Delineation of amplification, hybridization and location effects in microarray data yields better-quality normalization
1 Delft Bioinformatics Lab, Delft University of Technology, Mekelweg 4, Delft, 2628 CD, The Netherlands
2 Department of Tissue Regeneration, University of Twente, PO box 217, Enschede, 7500AE, The Netherlands
3 Centre for Molecular and Biomolecular Informatics (CMBI), Radboud Universiteit Nijmegen, PO box 9101, Nijmegen, 6500HB, The Netherlands
4 Department of Applied Biology, Radboud Universiteit Nijmegen, PO box 9101, Nijmegen, 6500HB, The Netherlands
5 Department of Molecular Pharmacology, Merck Research Laboratories, PO Box 20, Oss, 5340BH, The Netherlands
6 Physiological Genomics Group, BU Biosciences, TNO Quality of Life, PO Box 360, Zeist, 3700AJ, The Netherlands
BMC Bioinformatics 2010, 11:156 doi:10.1186/1471-2105-11-156Published: 26 March 2010
Oligonucleotide arrays have become one of the most widely used high-throughput tools in biology. Due to their sensitivity to experimental conditions, normalization is a crucial step when comparing measurements from these arrays. Normalization is, however, far from a solved problem. Frequently, we encounter datasets with significant technical effects that currently available methods are not able to correct.
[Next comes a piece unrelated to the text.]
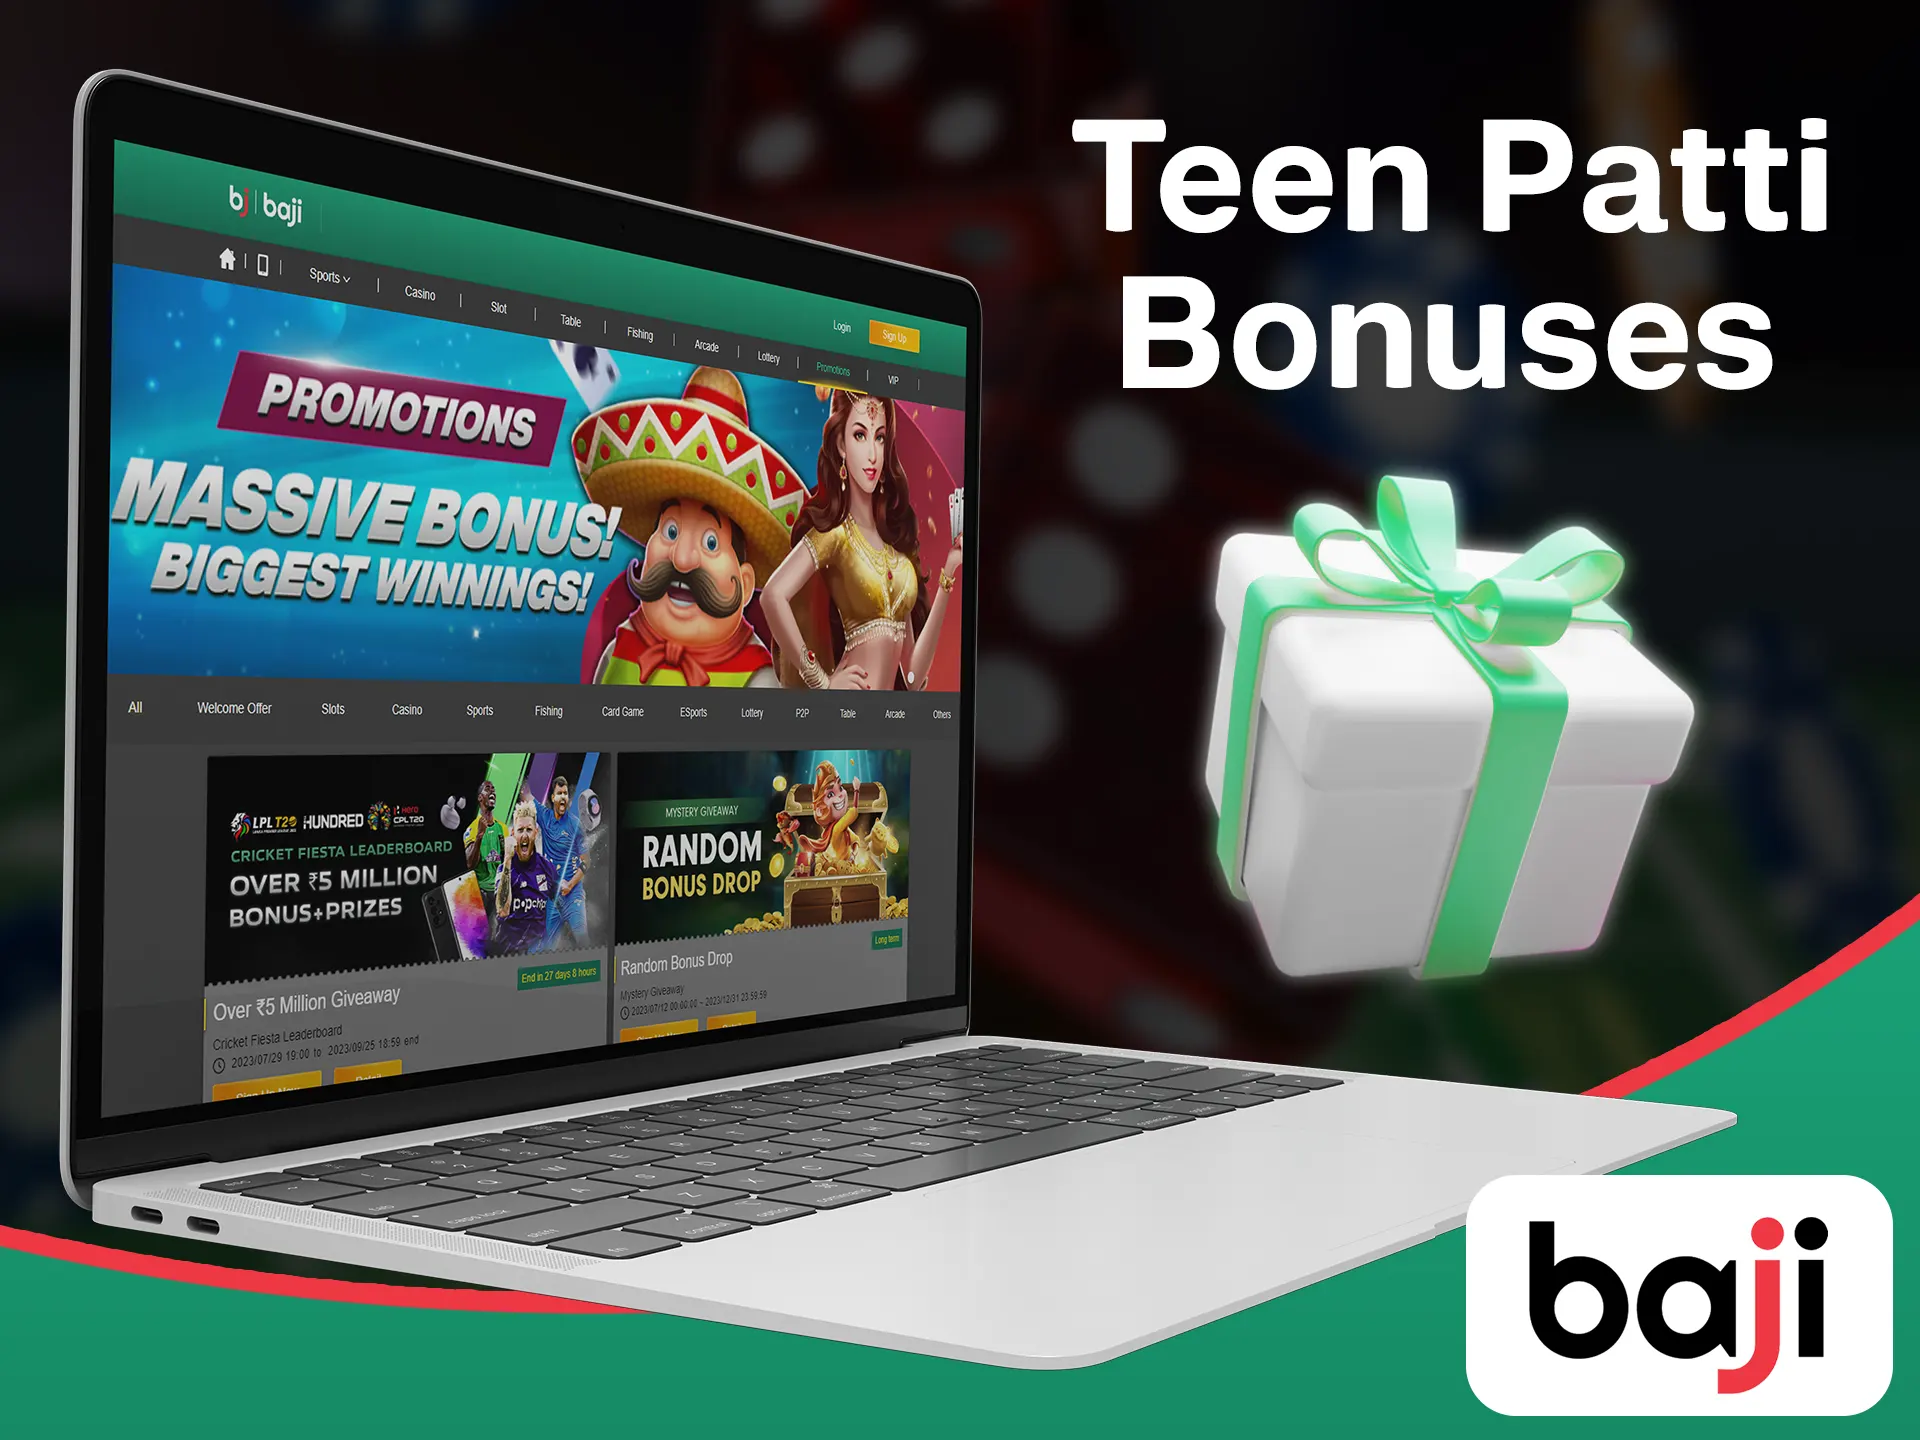 Claim teen patti bonuses at the Baji.

We show that by a careful decomposition of probe specific amplification, hybridization and array location effects, a normalization can be performed that allows for a much improved analysis of these data. Identification of the technical sources of variation between arrays has allowed us to build statistical models that are used to estimate how the signal of individual probes is affected, based on their properties. This enables a model-based normalization that is probe-specific, in contrast with the signal intensity distribution normalization performed by many current methods. Next to this, we propose a novel way of handling background correction, enabling the use of background information to weight probes during summarization. Testing of the proposed method shows a much improved detection of differentially expressed genes over earlier proposed methods, even when tested on (experimentally tightly controlled and replicated) spike-in datasets.
When a limited number of arrays are available, or when arrays are run in different batches, technical effects have a large influence on the measured expression of genes. We show that a detailed modelling and correction of these technical effects allows for an improved analysis in these situations.